Dit laatste echter bedoel ik als een verlof, en niet als bevel.
7 Want ik wilde, dat alle mensen waren, gelijk als ikzelf ben; maar een iegelijk heeft zijn eigen gave van God, de een wel aldus, maar de andere alzo.
Integendeel, ik zou willen, dat alle mensen waren zoals ikzelf; maar iedereen heeft van God een persoonlijke gave, de één deze, gene weer een andere.
8 Doch ik zeg den ongetrouwden, en den weduwen: Het is hun goed, indien zij blijven, gelijk als ik.
Tot de ongehuwden en de weduwen zeg ik: het is goed voor hen, zo ze blijven, zoals ikzelf ben
9 Maar indien zij zich niet kunnen onthouden, dat zij trouwen; want het is beter te trouwen dan te branden.
Maar zo ze zich niet kunnen beheersen, laten ze dan trouwen. Want het is beter te trouwen dan te verbranden.
10 Doch den getrouwden gebiede niet ik, maar de Heere, dat de vrouw van den man niet scheide.
Aan de gehuwden beveel niet ik maar de Heer, dat de vrouw zich niet mag scheiden van den man;
11 En indien zij ook scheidt, dat zij ongetrouwd blijve, of met den man verzoene; en dat de man de vrouw niet verlate.
en zo ze toch gescheiden is, dat ze dan ongehuwd moet blijven of zich met den man moet verzoenen; ook dat de man de vrouw niet mag verstoten.
12 Maar den anderen zeg ik, niet de Heere: Indien enig broeder een ongelovige vrouw heeft, en dezelve tevreden is bij hem te wonen, dat hij ze niet verlate;
Aan de overigen zeg ik, niet de Heer: Wanneer een broeder een ongelovige vrouw heeft, en deze bewilligt er in, met hem samen te wonen, dan mag hij haar niet verstoten;
13 En een vrouw, die een ongelovigen man heeft, en hij tevreden is bij haar te wonen, dat zij hem niet verlate.

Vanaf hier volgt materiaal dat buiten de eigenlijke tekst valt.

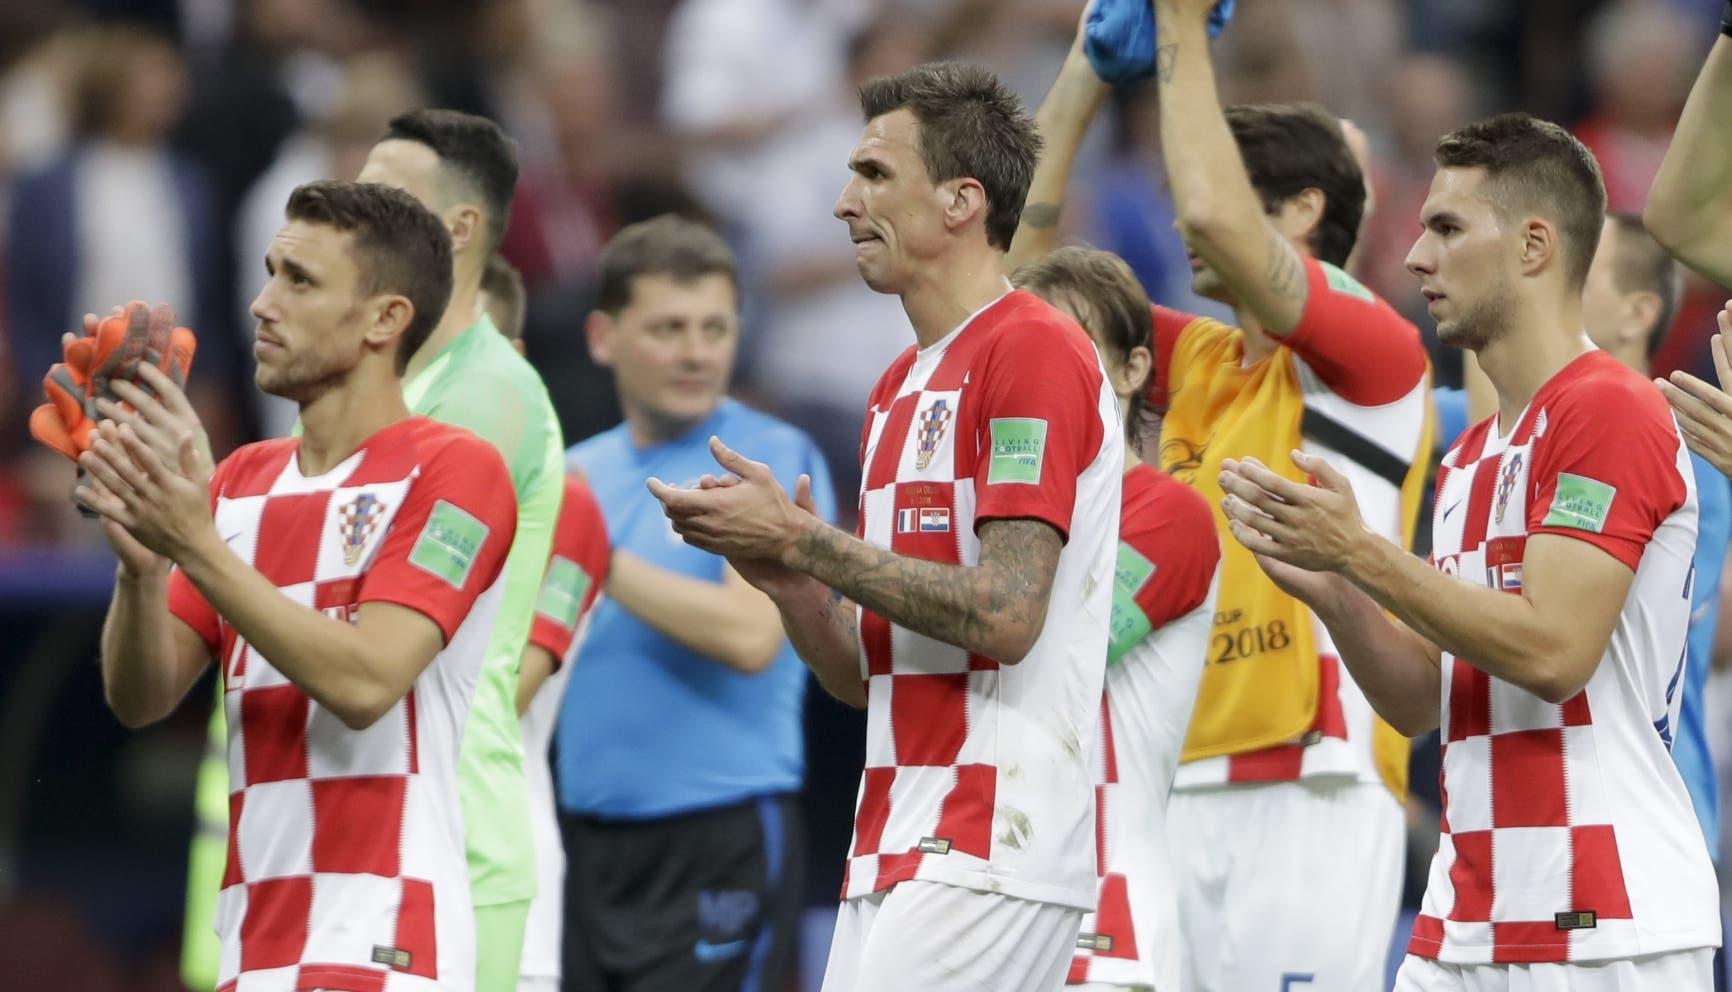 15. De izquierda a derecha, los croatas Josip Pivaric, Mario Mandzukic y Marko Pjaka aplauden luego de perder la final ante Francia, el domingo 15 de julio de 2018, en el estadio Luzhniki de Moscú (AP Foto/Natacha Pisarenko)

eveneens, wanneer een vrouw een ongelovigen man heeft, en deze er in bewilligt, met haar samen te wonen, dan mag ze den man niet verstoten.
14 Want de ongelovige man is geheiligd door de vrouw, en de ongelovige vrouw is geheiligd door den man; want anders waren uw kinderen onrein, maar nu zijn zij heilig.
Want de ongelovige man is geheiligd door de vrouw, en de ongelovige vrouw geheiligd door den broeder; anders toch waren uw kinderen onrein, terwijl ze inderdaad heilig zijn.
15 Maar indien de ongelovige scheidt, dat hij scheide. De broeder of de zuster wordt in zodanige gevallen niet dienstbaar gemaakt; maar God heeft ons tot vrede geroepen.
Maar wanneer de ongelovige scheiden wil, laat hem scheiden; in zulke gevallen is de broeder en de zuster niet gebonden. God heeft u toch tot vrede geroepen;
16 Want wat weet gij, vrouw, of gij den man zult zalig maken? Of wat weet gij, man, of gij de vrouw zult zalig maken?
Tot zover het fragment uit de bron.